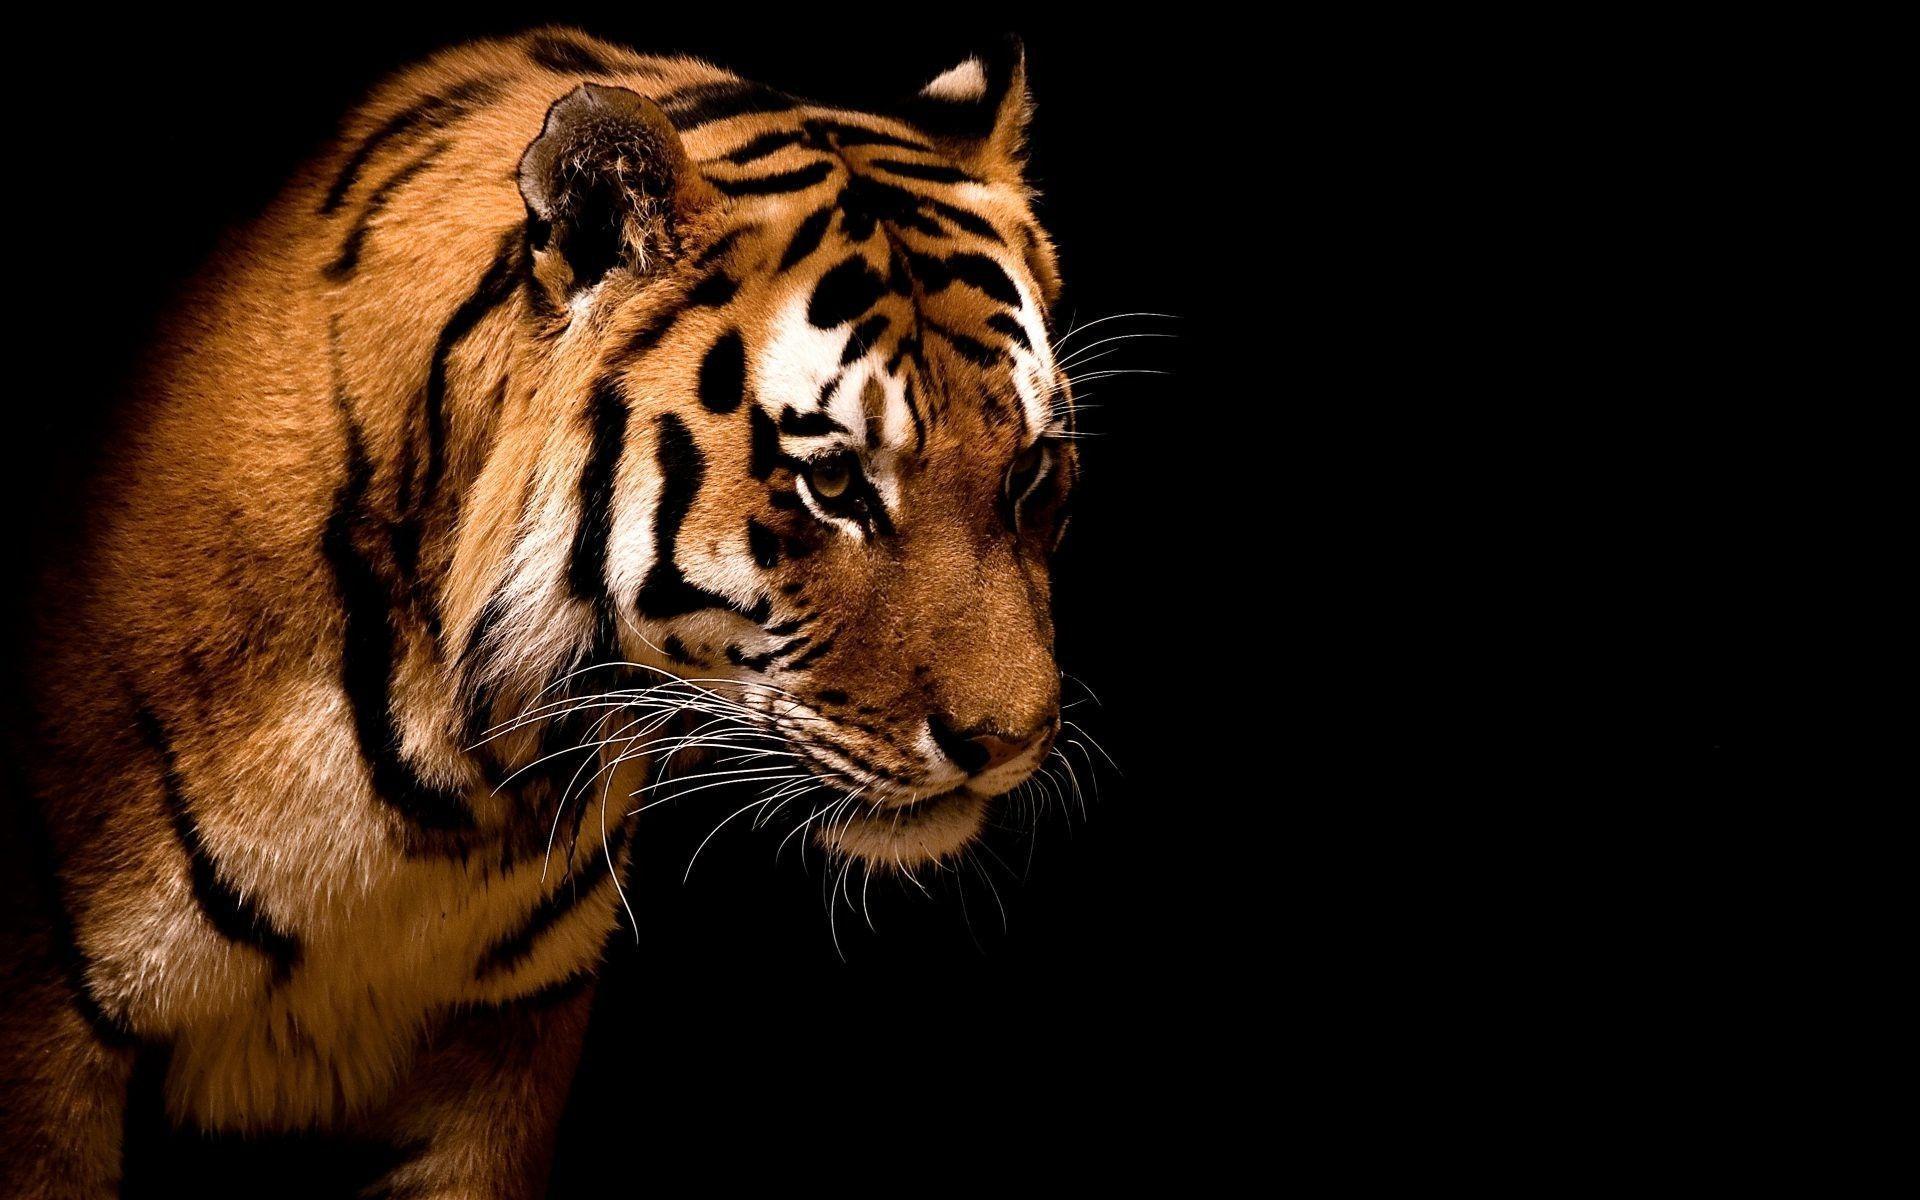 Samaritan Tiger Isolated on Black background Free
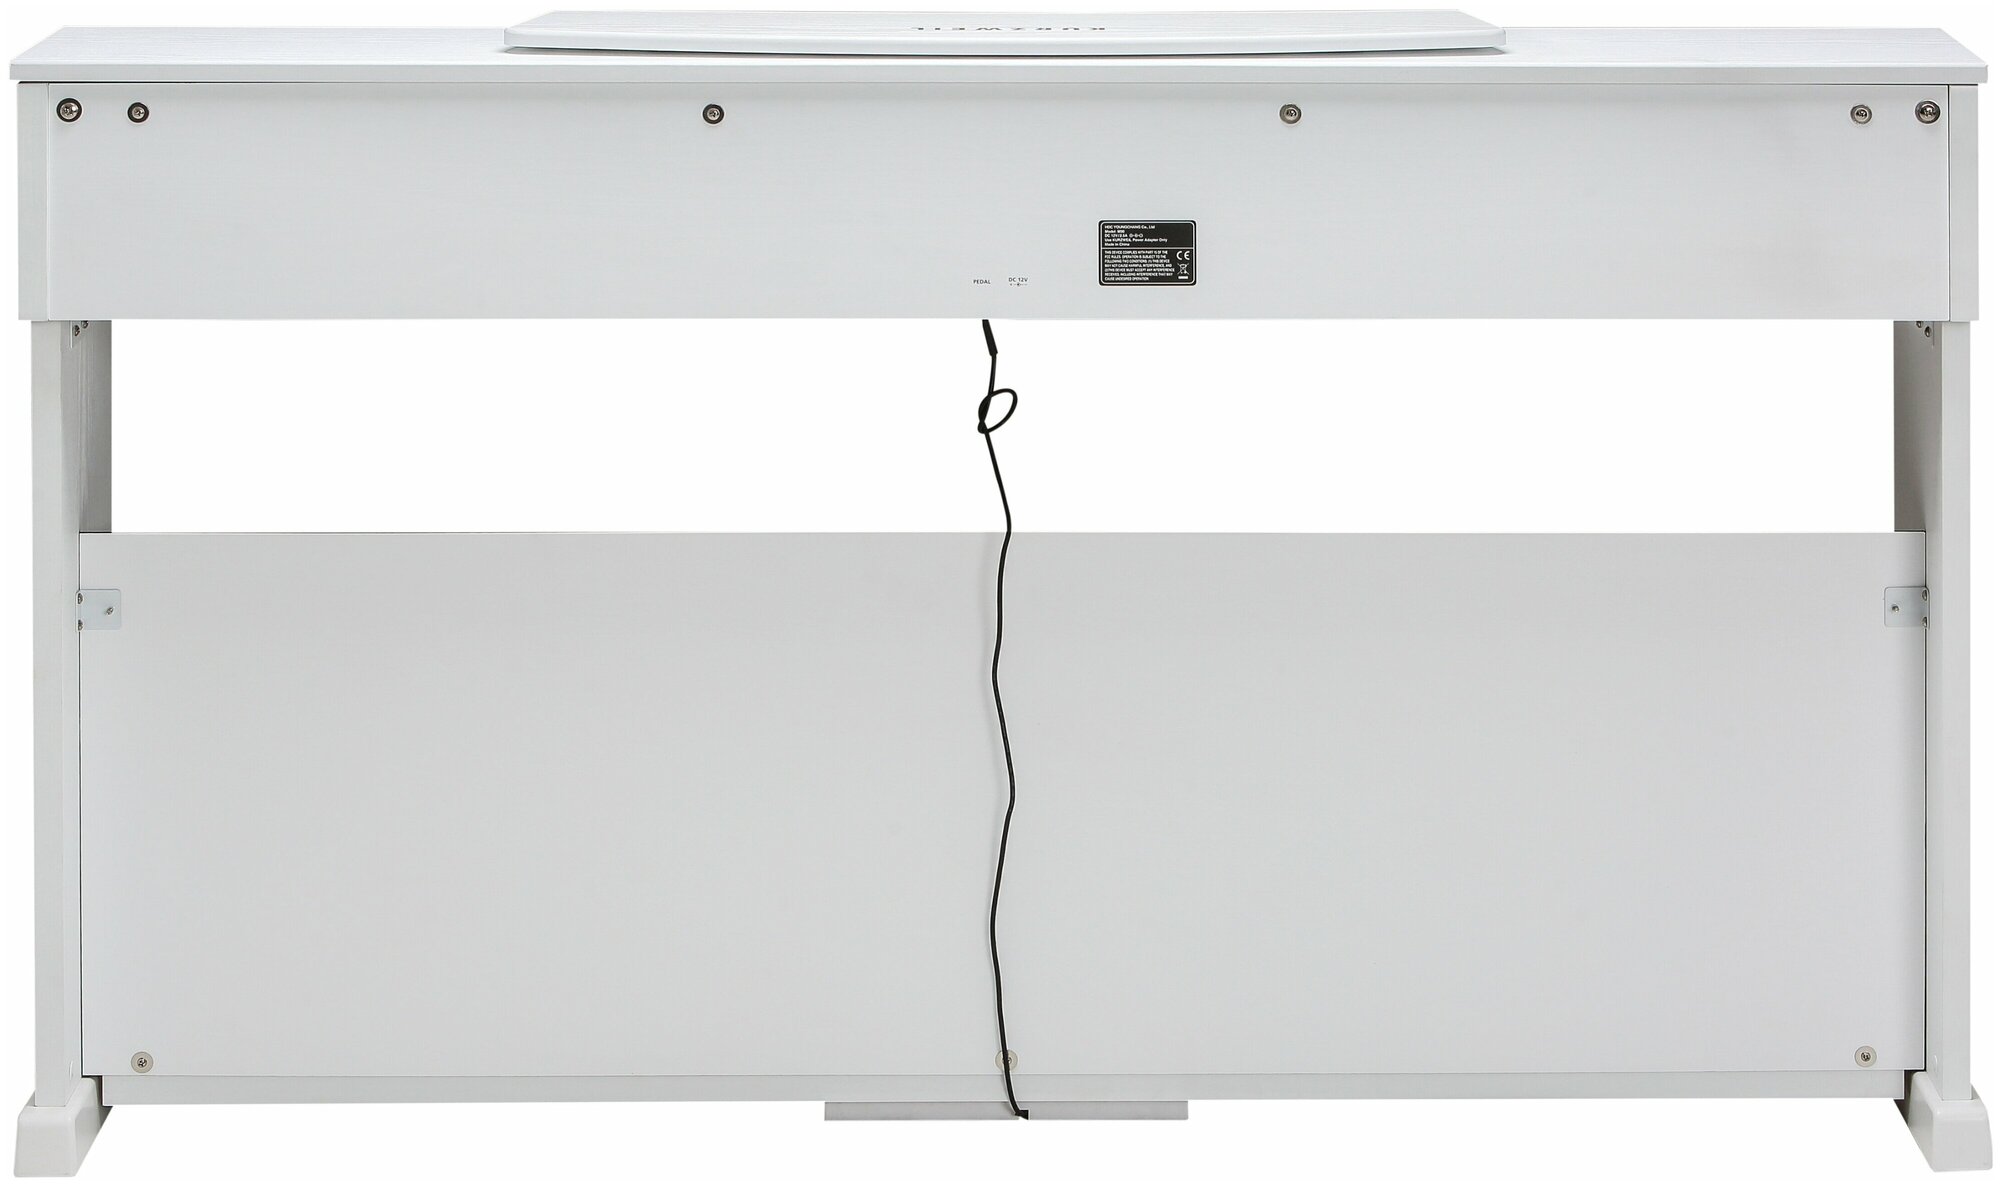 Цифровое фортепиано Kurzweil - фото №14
+++++
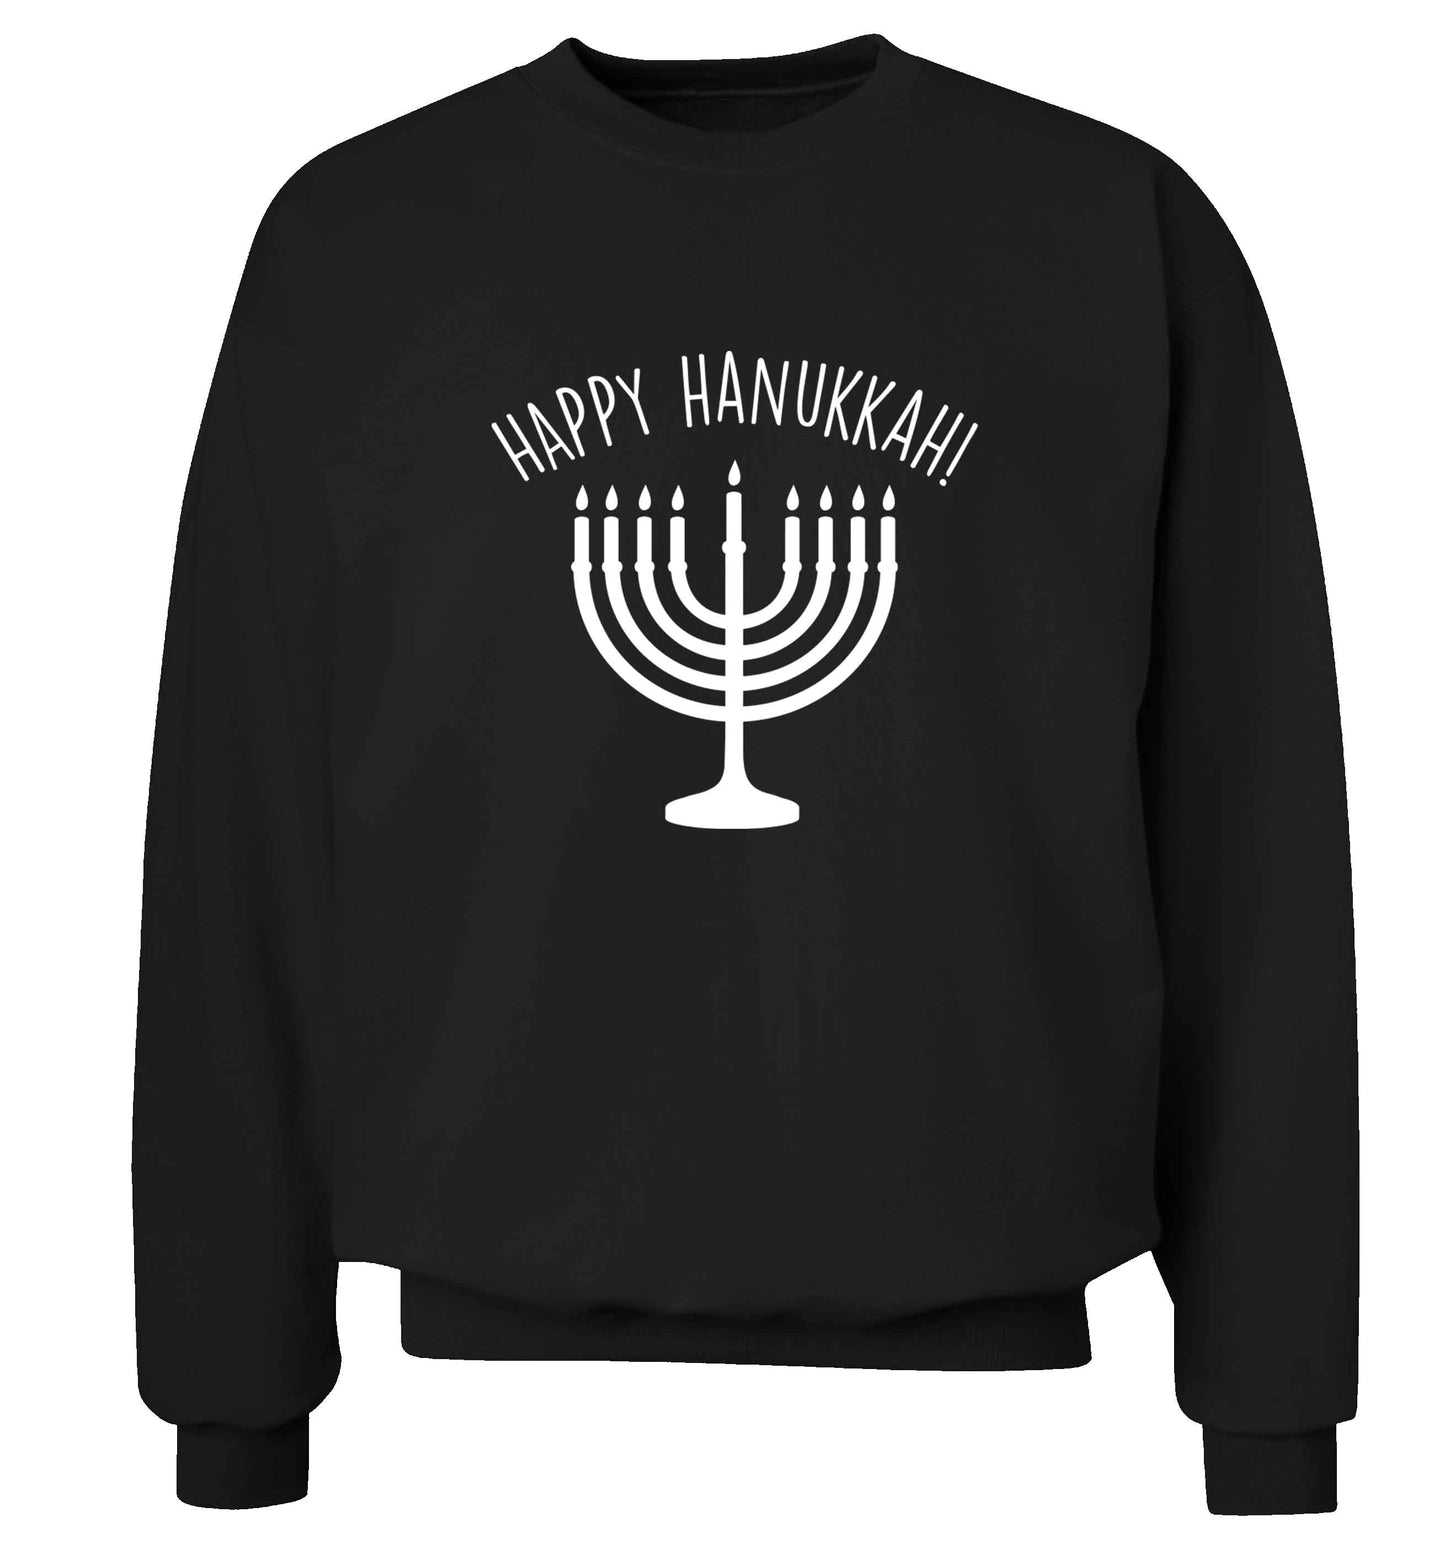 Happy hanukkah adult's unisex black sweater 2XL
+++++
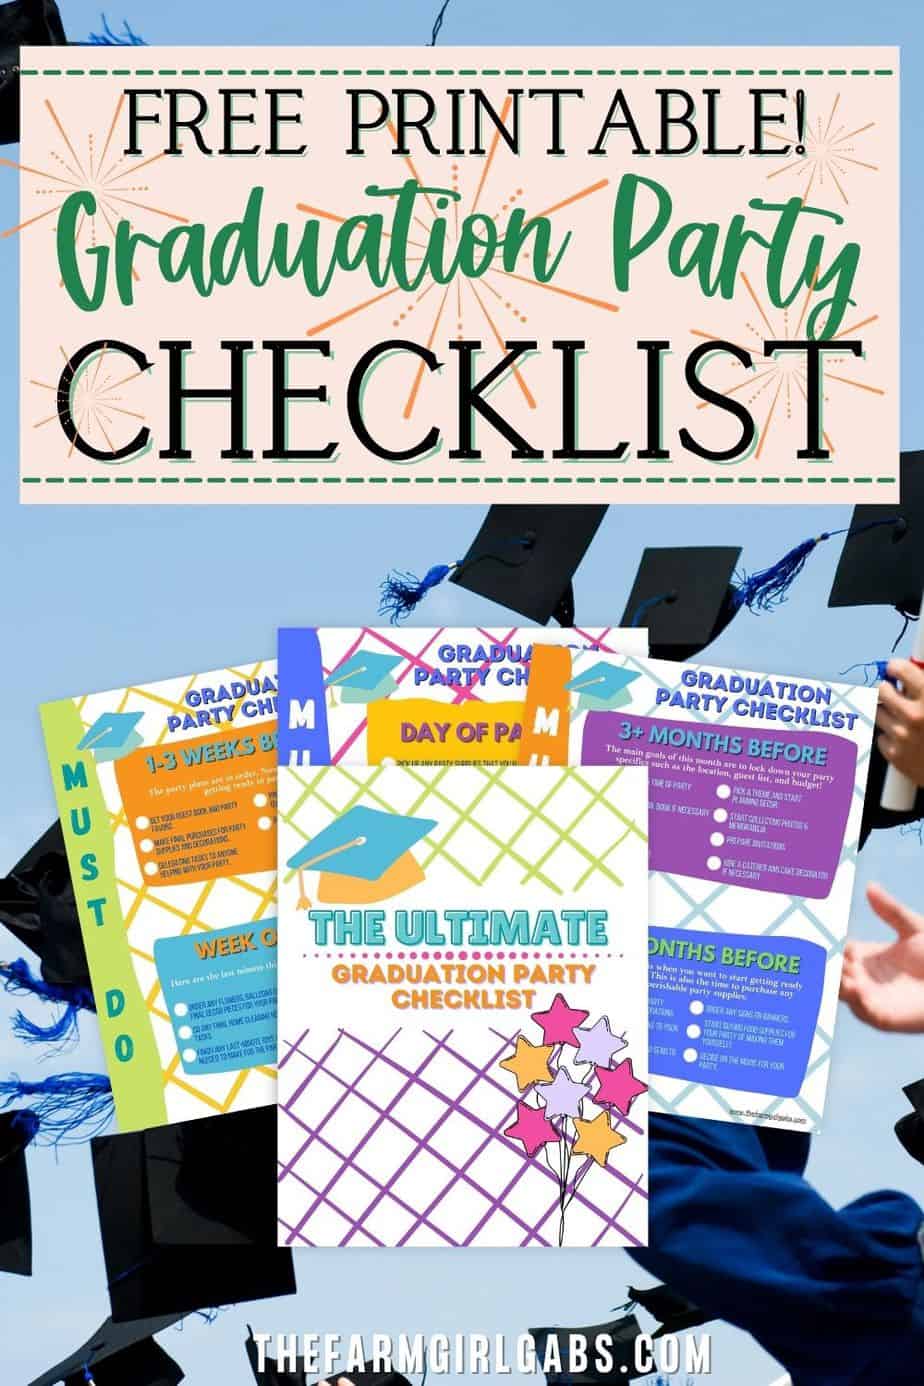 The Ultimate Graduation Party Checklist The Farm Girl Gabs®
+++++
■ Task directions
From the records above, transcribe exactly the lines starting at the one containing "Samaritan Tiger Isolated" and ending at the one containing "Цифровое фортепиано Kurzweil - фото №14". Skip the pictures.

■ The completed task
 Samaritan Tiger Isolated on Black background Free
 Цифровое фортепиано Kurzweil - фото №14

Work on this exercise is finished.